After having listened to Bombino but once, I was hooked. His album was fantastic. It was produced and engineered by Dan Auerbach of the Black Keys, and I could hear their unique take on gritty blues all over the album. But what stood out was Bombino’s interesting style of music, and specifically style of guitar. However, after some time, this word, Tinariwen kept popping up.
Something clicked and I realized that Tinariwen were also Tuareg, the blue people of the desert. In their native tongue, they are the Kel Tamashek, or simply the Tamashek.
The Tamashek (Tuareg) are a nomadic, desert people, with no solid country of origin. Fiercely independent, the Tamashek inhabit of a swathe of the Sahara that runs through, Libya, Algeria, Mali, Niger, and Burkina Faso. Ethnically Berbers, they look to us more middle eastern than their darker skinned African neighbors, who have a completely different culture and ethnic tradition.
Serious strife has rocked that part of the world for a while now. Ethnic tensions, drout, political upheaval, racism and unstable economics have lead the Tuaregs to lead rebellions and uprisings against the government of Mali, who they perceive as a very unfair, unjust, and oppressive regime to the Tamashek people. Out of these hard times, which have included exile and mass fleeing’s from the Tuareg land, a culture of sorrow had developed in the Tuareg. Guitar quickly became an icon of Tuareg resistance. So much so, that in Niger, the government actually made it illegal at one point for Tuareg people to play guitar!

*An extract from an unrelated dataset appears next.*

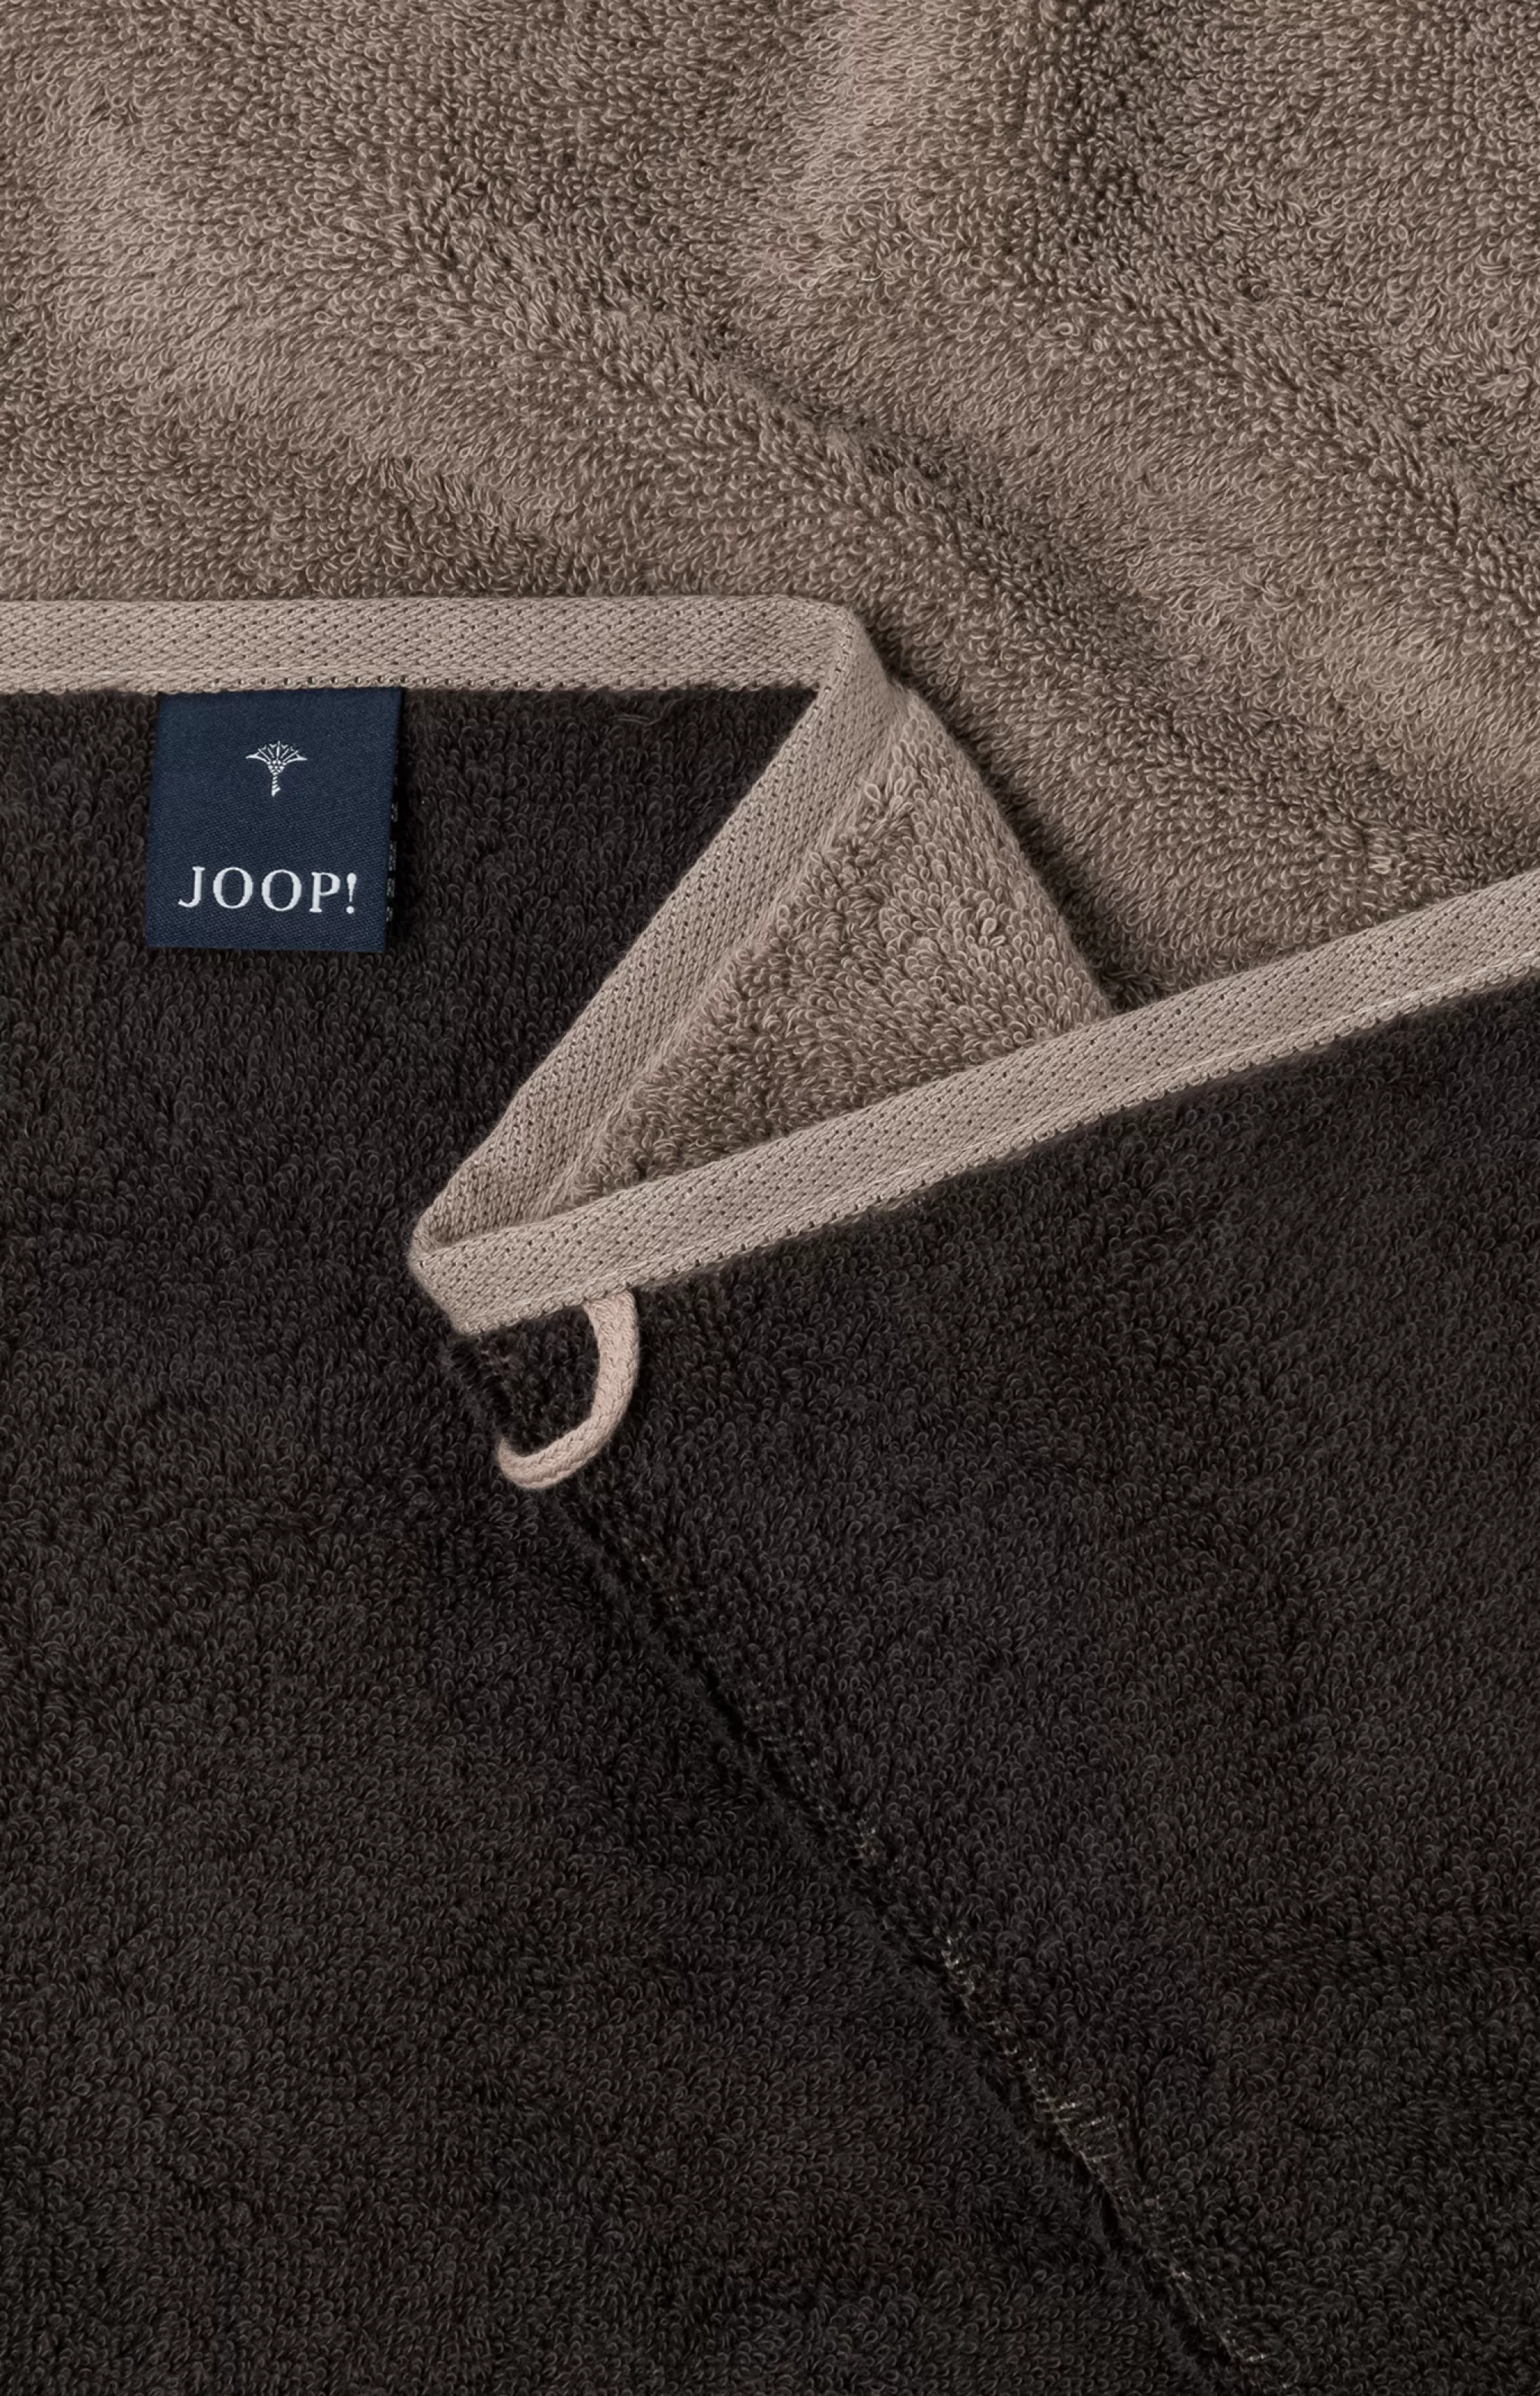 - Guest Towel | Discover Everything*JOOP - Guest Towel | Discover Everything ! CLASSIC DOUBLEFACE Terrycloth Range in

This led the way to a form of music known as Assouf. Pioneered by the founding member, and vocalist of Tinariwen Ibrahim Ag Alhabib, this style was a mixture of our pentatonic blues music, and the cultural folk music and flavor of the Tuareg people. In it’s execution it can be relatable to our Folk music, in that it is played with your fingers, and not with a guitar pick. This allows for a drone, or bass note to be played, while riffs or leads are played above it.
But Assouf goes so far beyond just a style. It truly is a way of life. Assouf can be translated very, very roughly to “Blues”. In Tamashek it means many different things. Sorrow, longing, sadness, loneliness, nostalgia, and a variety of other ‘blue’ words. The blues of the desert. In fact, it is even called Desert Rock, or Desert Blues.
What I find so interesting about this style, beyond the exotic beauty of the music itself is the tradition and history of it’s players. Many of the members of these Assouf bands, at one point or another were part of these Tuareg rebellions, and in fact the band has taken hiatus’ in the past because of this very reason. Even Bombino’s original bassist was killed by soldiers of Niger in one of the terrible clashes and acts of repression brought down on the Tuareg by the various governments throughout Africa.
There is so much more to this style. The depth, history and richness, in my humble opinion, is absolutely staggering in comparison to modern indie rock, and the world of music that I take part in every day. Culture, identity, and struggle are so closely intertwined in Assouf, it leaves one feeling a bit vanilla at the end of the day!
Regardless, I would highly recommend you check out the aforementioned musicians and bands, and take a listen to a style that is linked to our Rock origins, but has taken a steep right hand turn deep into the desert.